What this task involves:
Nothing outside the range is to be copied. From the entries below, reproduce exactly the lines starting at the one with "Jeans Skinny Fit" and ending at the one with "Energielabel Ophelialaan 46 Aalsmeer", without pictures.

Raw data:
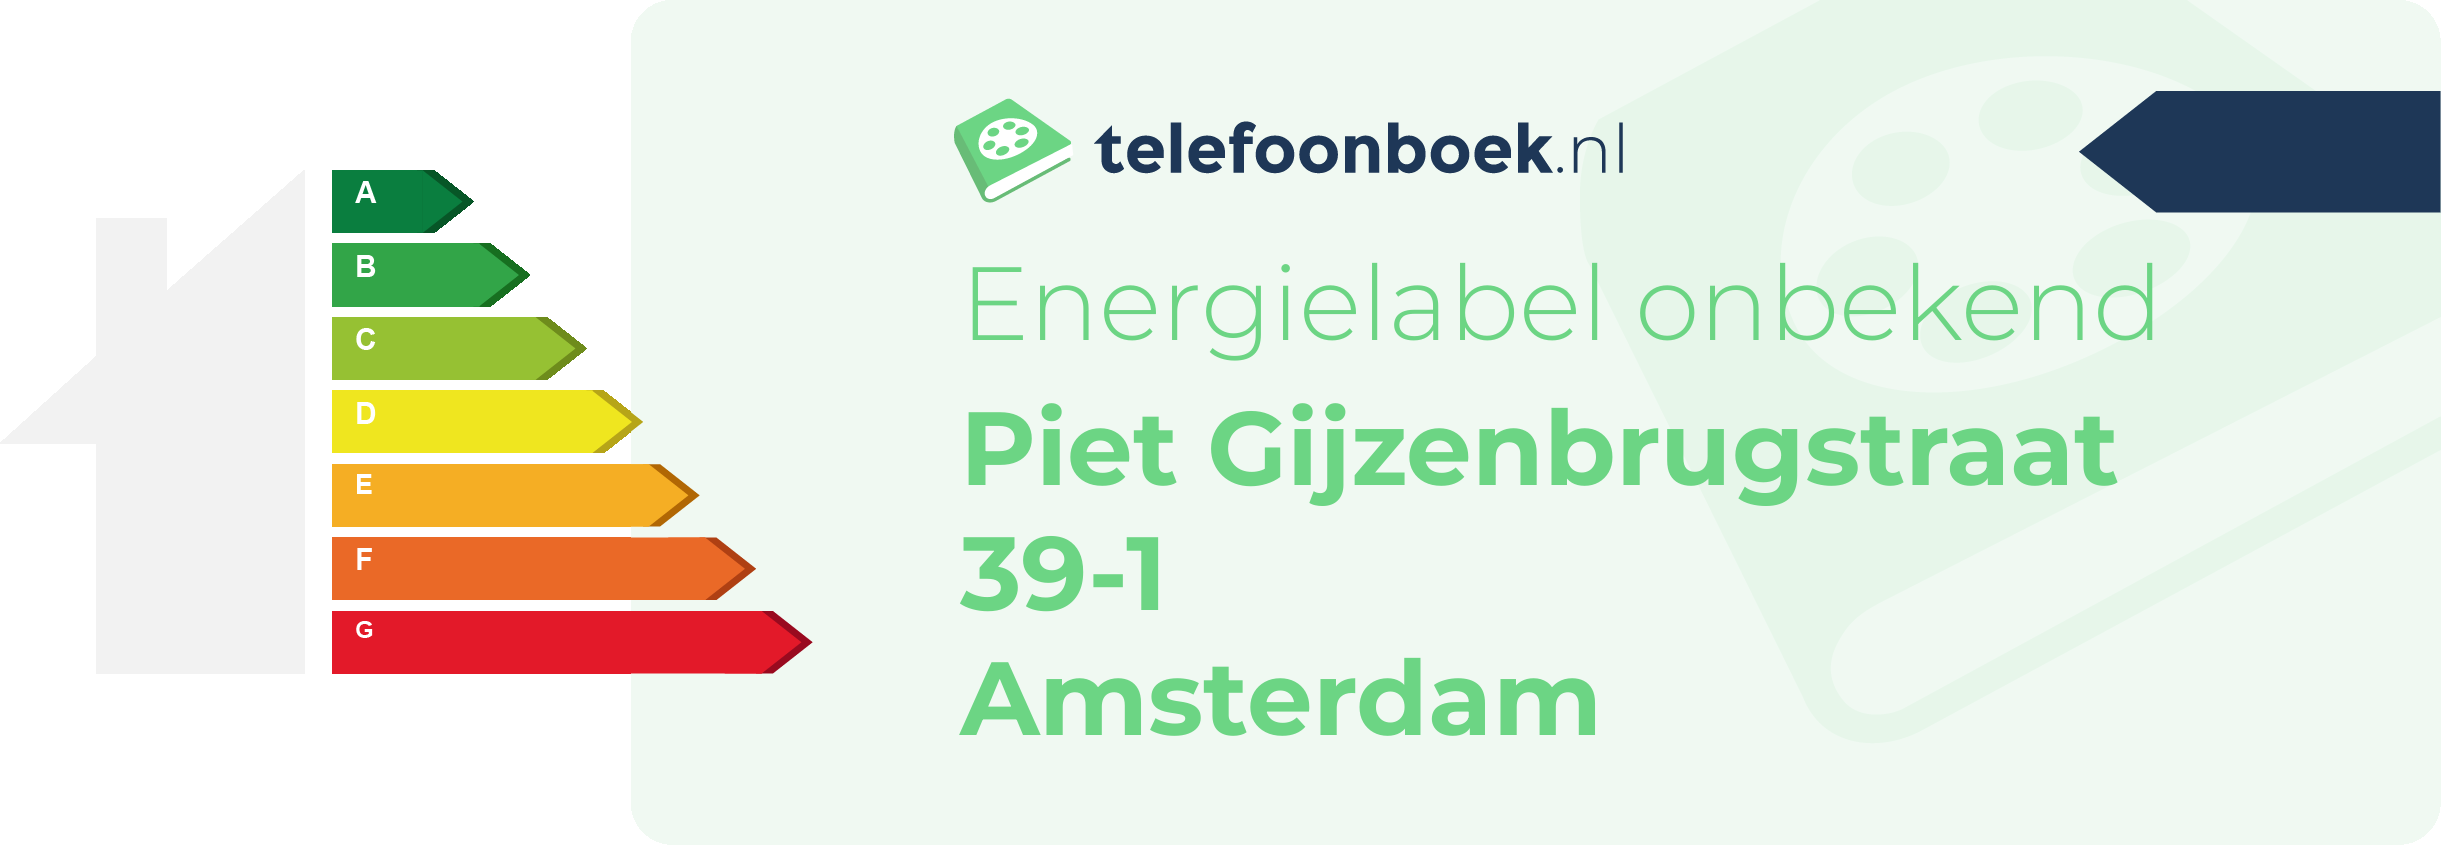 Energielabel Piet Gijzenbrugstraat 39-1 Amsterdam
* * *
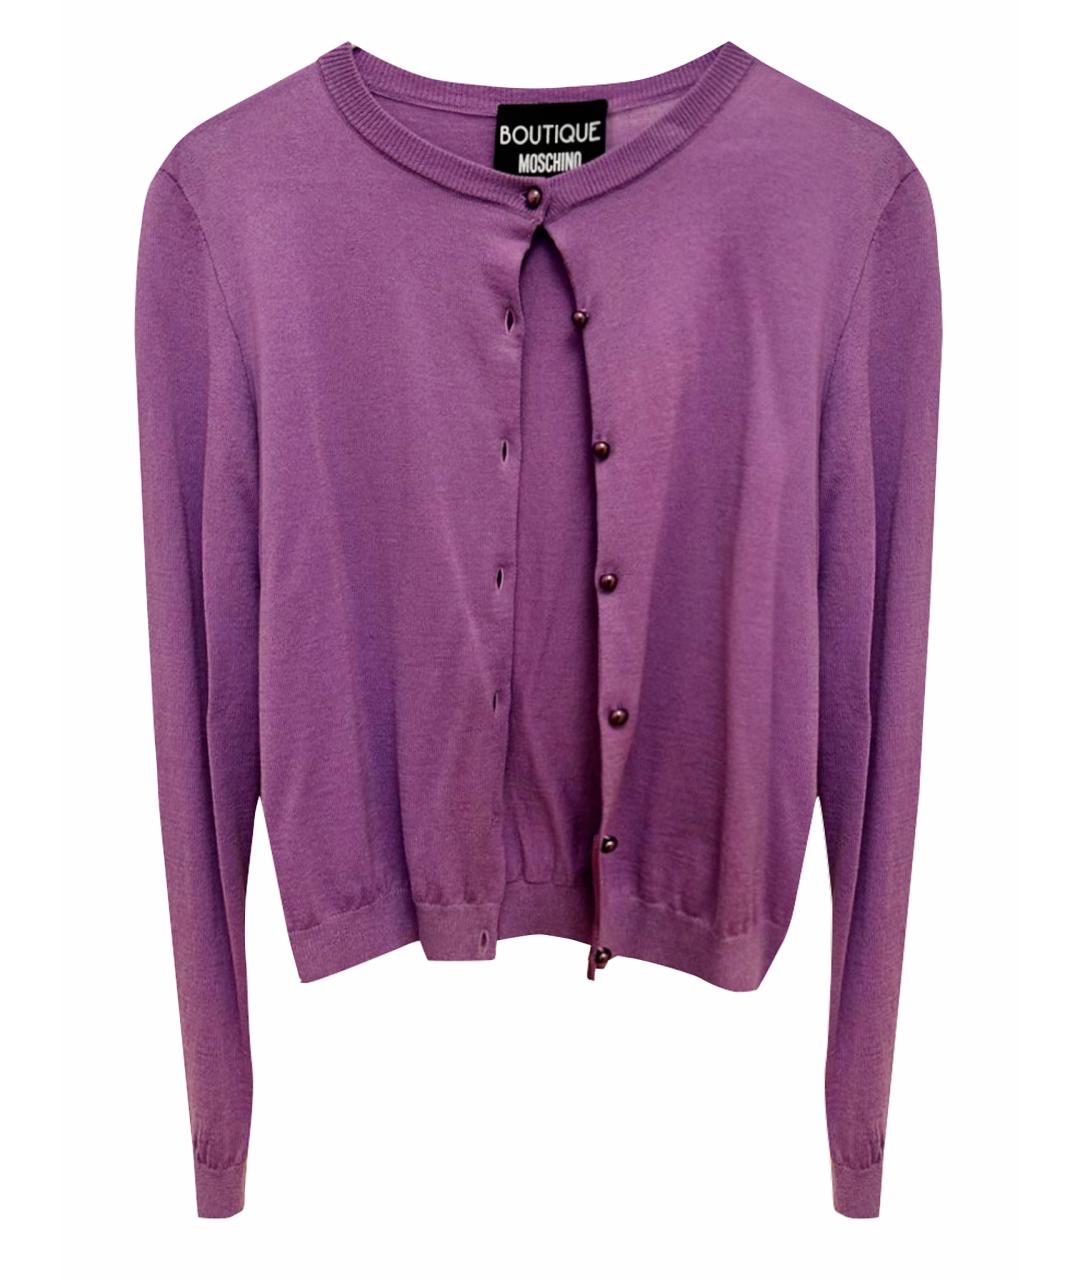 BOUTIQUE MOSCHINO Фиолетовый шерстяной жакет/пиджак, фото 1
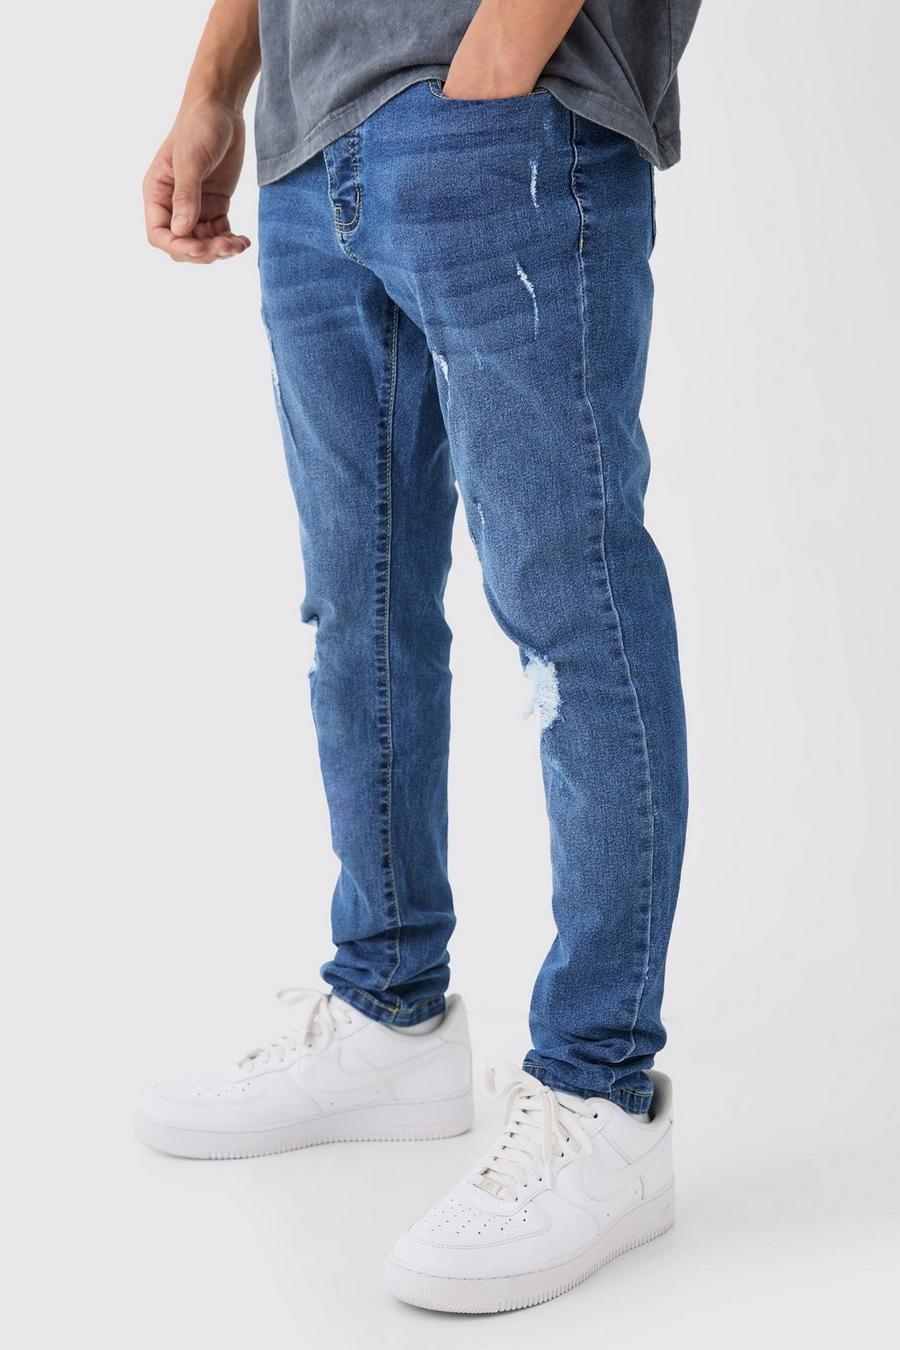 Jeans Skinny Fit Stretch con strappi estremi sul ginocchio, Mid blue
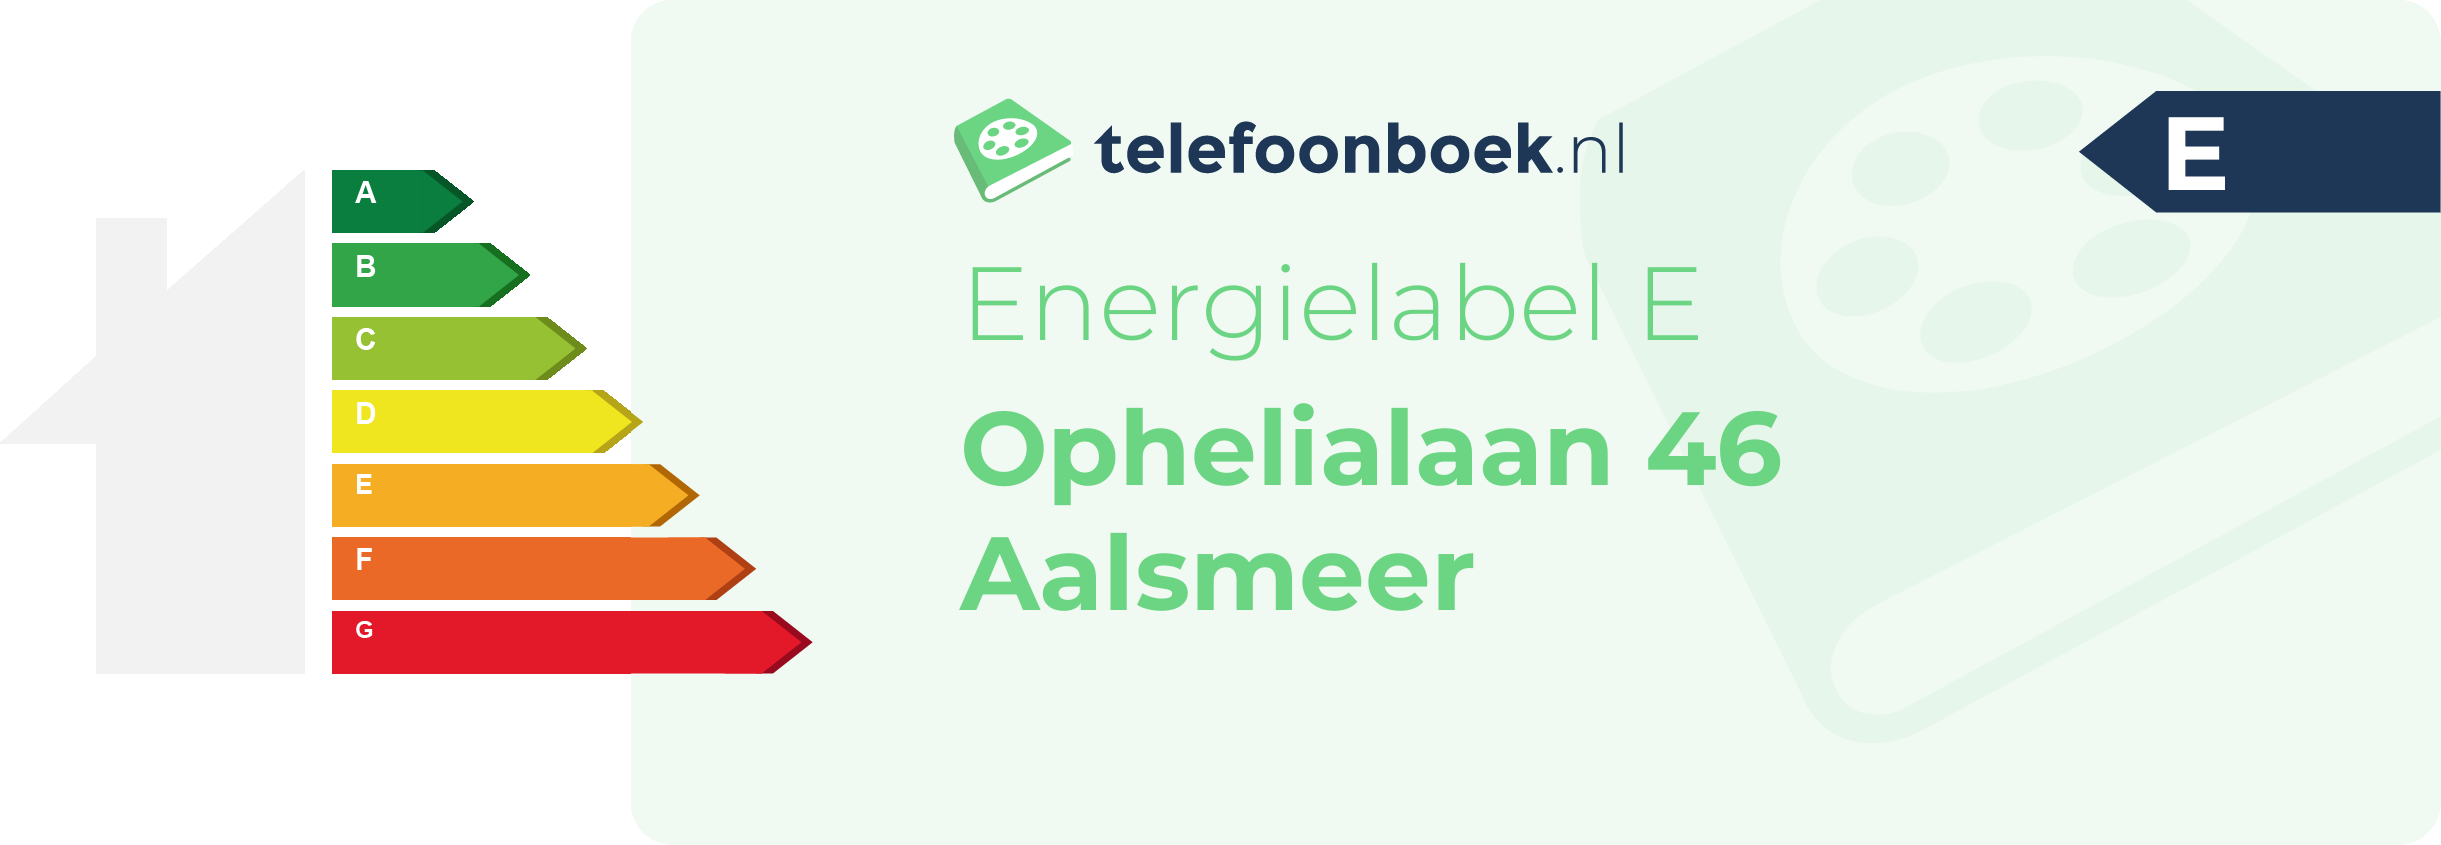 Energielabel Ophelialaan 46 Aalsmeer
...
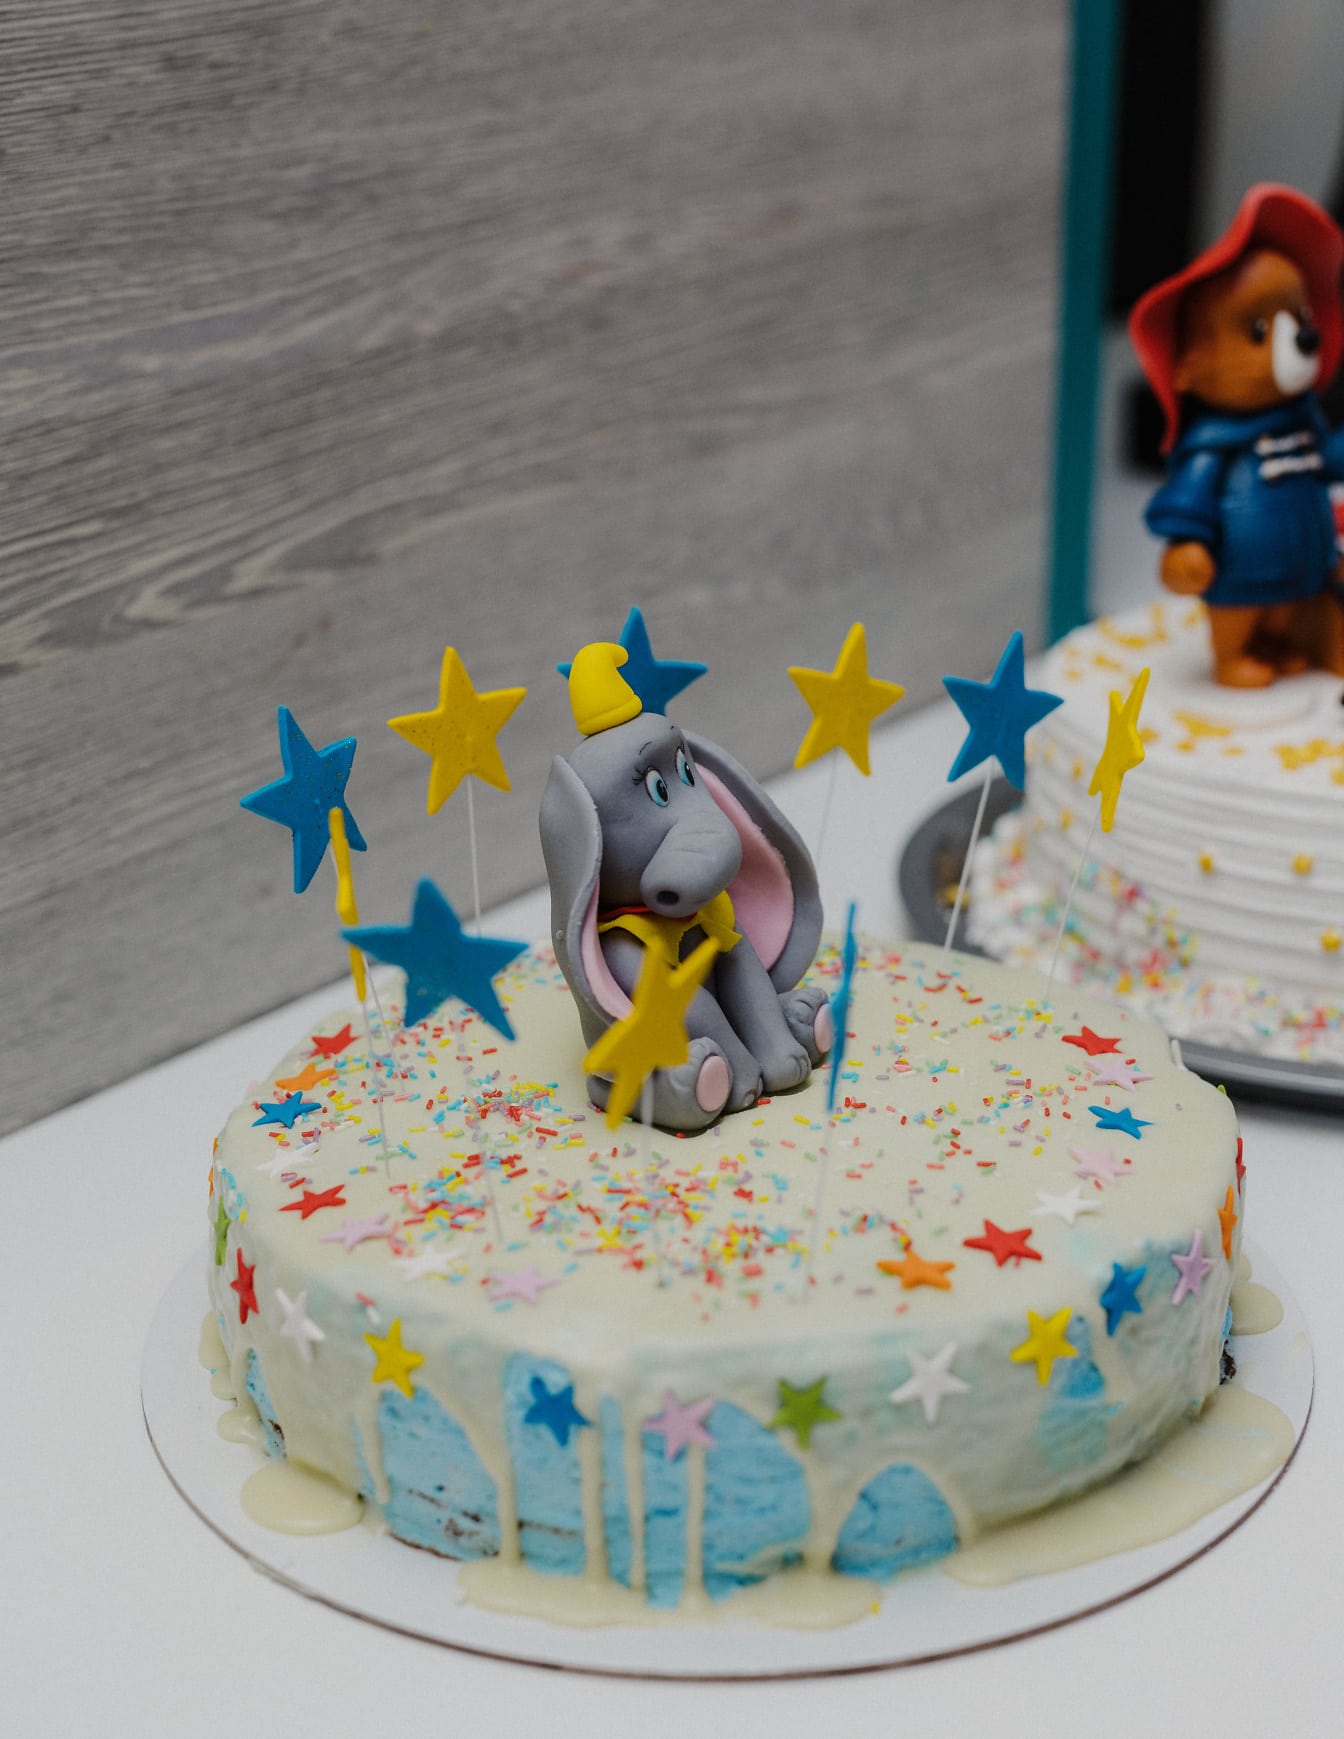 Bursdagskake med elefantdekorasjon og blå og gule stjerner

Answer for this exercise:
 Jeans Skinny Fit Stretch con strappi estremi sul ginocchio, Mid blue
 Energielabel Ophelialaan 46 Aalsmeer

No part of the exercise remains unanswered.